Need for efficient execution of parallel applications

Achieving high performance on future multicores will require the development of parallel applications, but also an efficient compiler/runtime toolchain to adapt codes to the execution platform.

The diversity of parallelisms

Many potential execution parallelism patterns may coexist in an application. For instance, one can express some parallelism with different tasks achieving different functionalities. Within a task, one can expose different granularities of parallelism; for instance a first layer message passing parallelism (processes executing the same functionality on different parts of the data set), then a shared memory thread level parallelism and fine grain loop parallelism (a.k.a vector parallelism).

Current multicores already feature hardware mechanisms to address these different parallelisms: physically distributed memory — e.g. the new Intel Nehalem already features 6 different memory channels — to address task parallelism, thread level parallelism — e.g. on conventional multicores, but also on GPUs or on Cell-based machines —, vector/SIMD parallelism — e.g. multimedia instructions. Moreover they also attack finer instruction level parallelism and memory latency issues. Compilers have to efficiently discover and manage all these forms to achieve effective performance.

Portability is the new challenge

Up to now, most parallel applications were developed for specific application domains in high end computing. They were used on a limited set of very expensive hardware platforms by a limited number of expert users.
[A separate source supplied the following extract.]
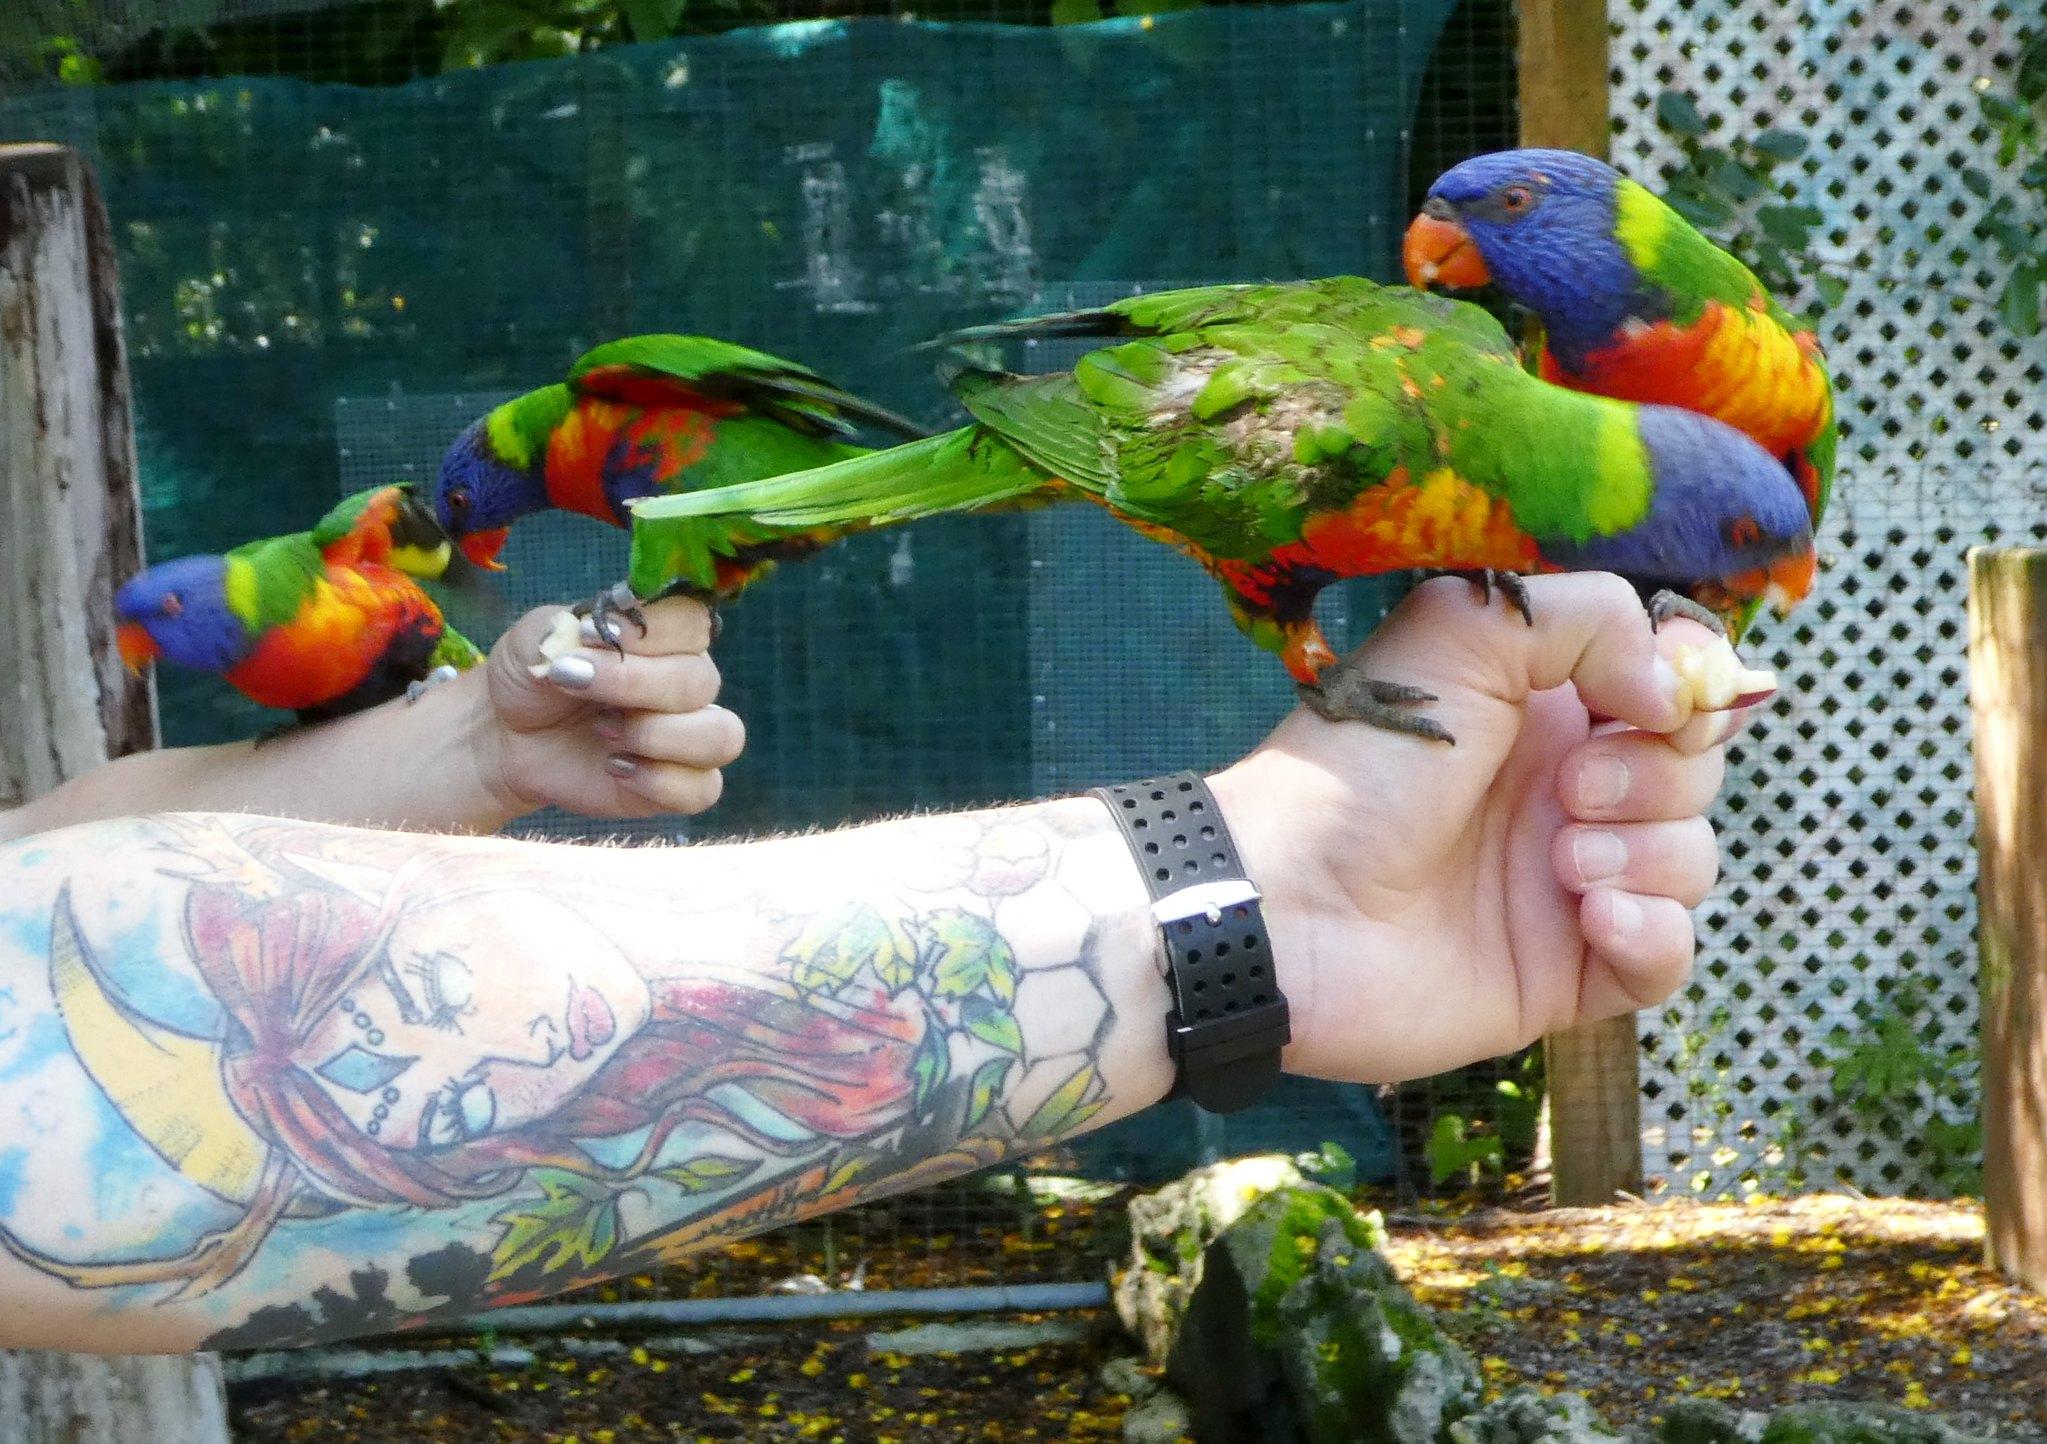 Ardastra Gardens & Zoo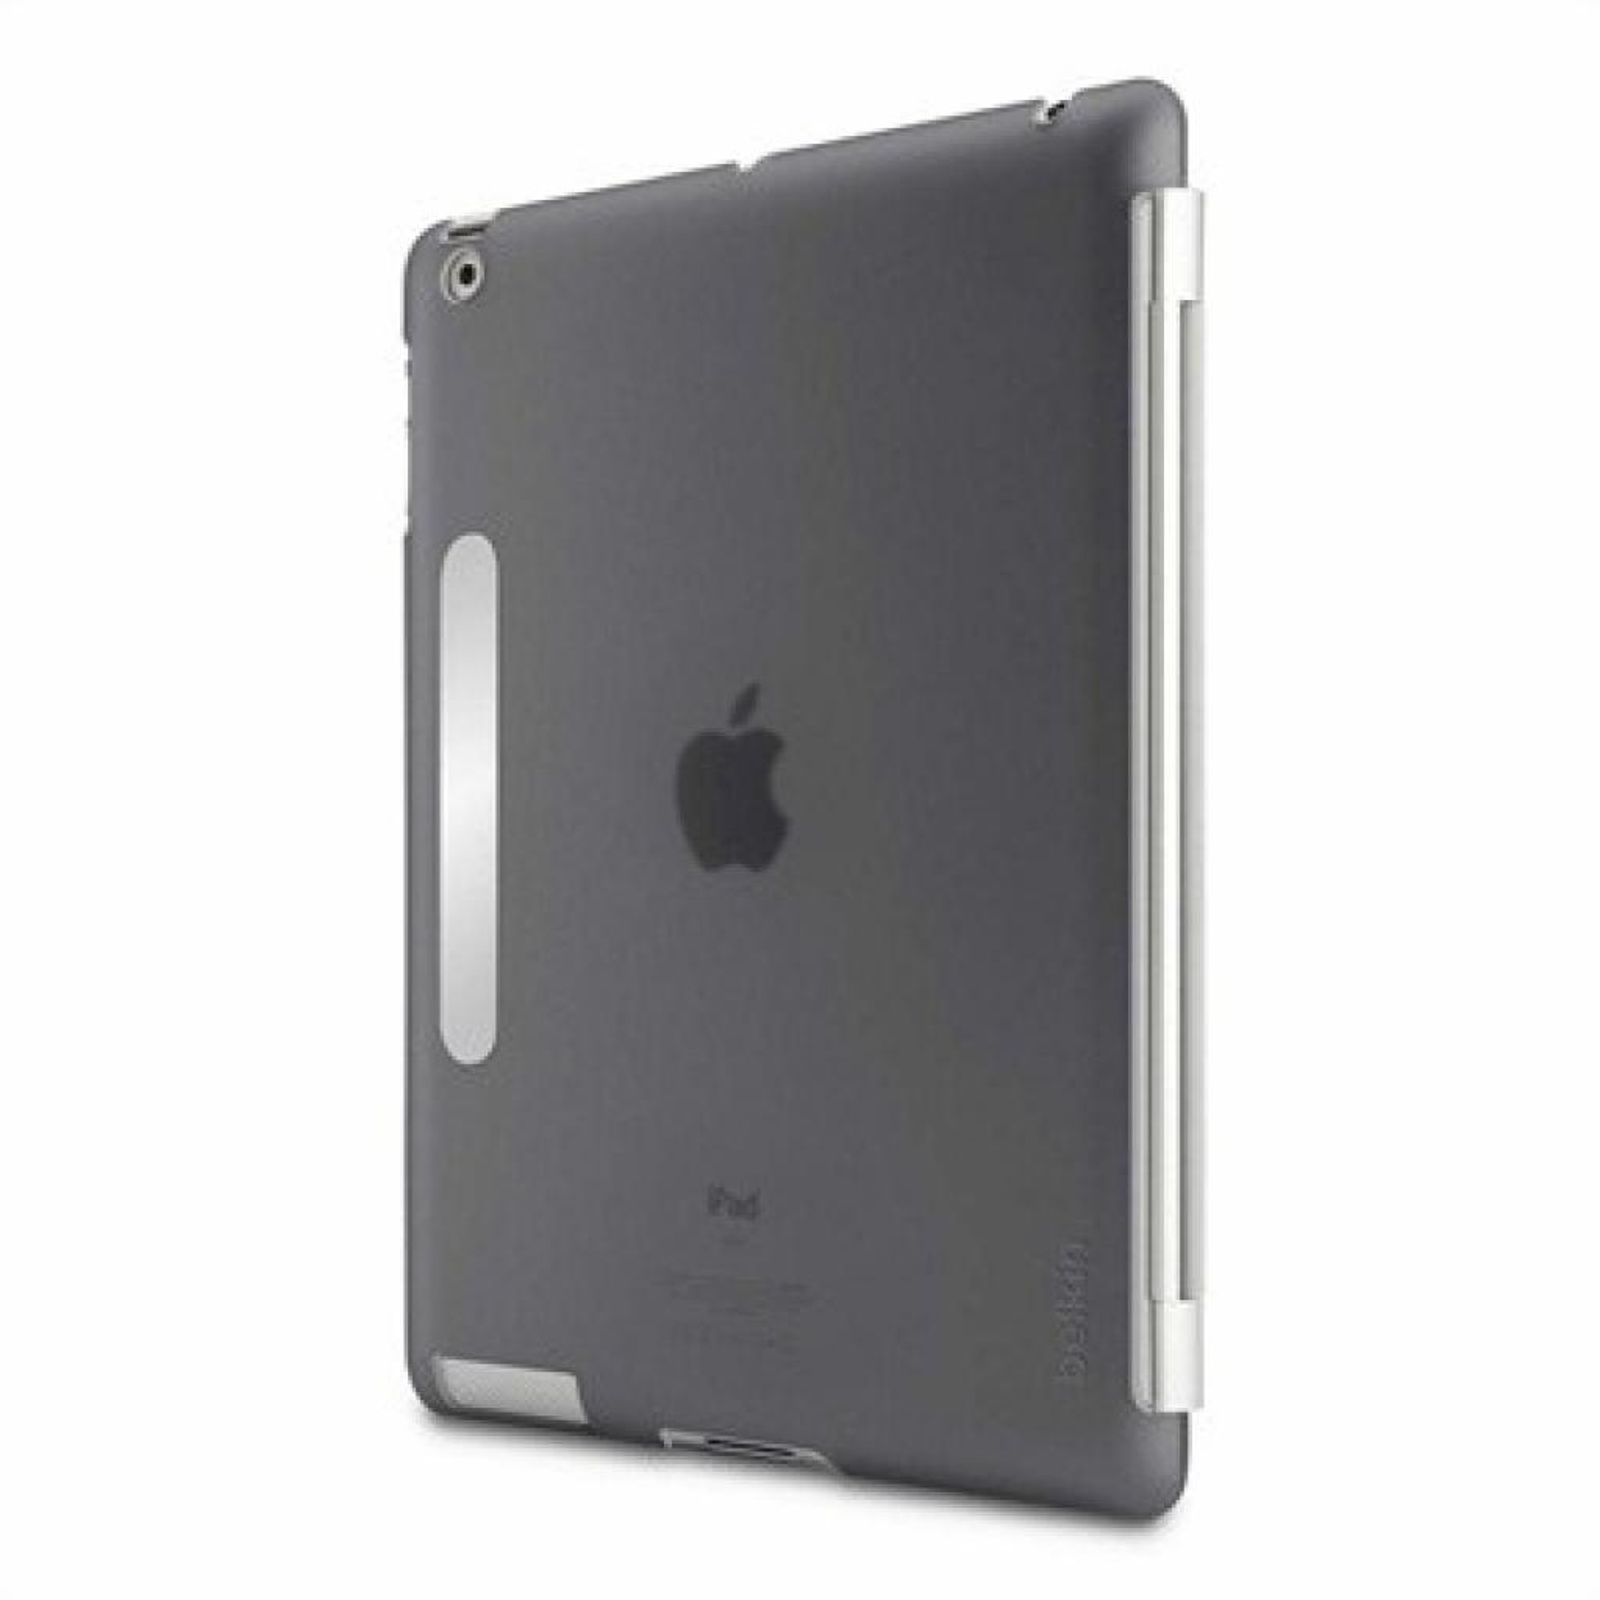 Чехол для планшета Belkin iPad2, iPad3, iPad4 Snap Shield Secure (Smoke) (F8N745cwC00)

Moreover, they were executed in batch mode.

In contrast, the expectation of most end-users of the future mainstream parallel applications running on multicores will be very different. The mainstream applications will be used by thousands, maybe millions of non-expert users. These users consider functional portability of codes as granted. They will expect their codes to run faster on new platforms featuring more cores. They will not be able to tune the application environment to optimize performance. Finally, multiple parallel applications may have to be executed concurrently.

The variety of possible hardware platforms, the lack of expertise of the end-users and the varying run-time execution environments will represent major difficulties for applications in the multicore era.

First of all, the end user considers functional portability without recompilation as granted, this is a major challenge on parallel machines. Performance portability/scaling is even more challenging. It will become inconceivable to rewrite/retune each application for each new parallel hardware platform generation to exploit them. Therefore, apart from the initial development of parallel applications, the major challenge for the next decade will be to efficientlyrun parallel applications on hardware architectures radically different from their original hardware target.

The need for performance on sequential code sections Most software will exhibit substantial sequential code sections

For the foreseeable future, the majority of applications will feature important sequential code sections.

First, many legacy codes were developed for uniprocessors. Most of these codes will not be completely redeveloped as parallel applications, but will evolve to applications using parallel sections for the most compute-intensive parts. Second, the overwhelming majority of the programmers have been educated to program in a sequential programming style. Parallel programming is much more difficult, time consuming and error prone than sequential programming. Debugging and maintaining a parallel code is a major issue. Investing in the development of a parallel application will not be cost-effective for the vast majority of software developments. Therefore, sequential programming style will continue to be dominant in the foreseeable future. Most developers will rely on the compiler to parallelize their application and/or use some software components from parallel libraries.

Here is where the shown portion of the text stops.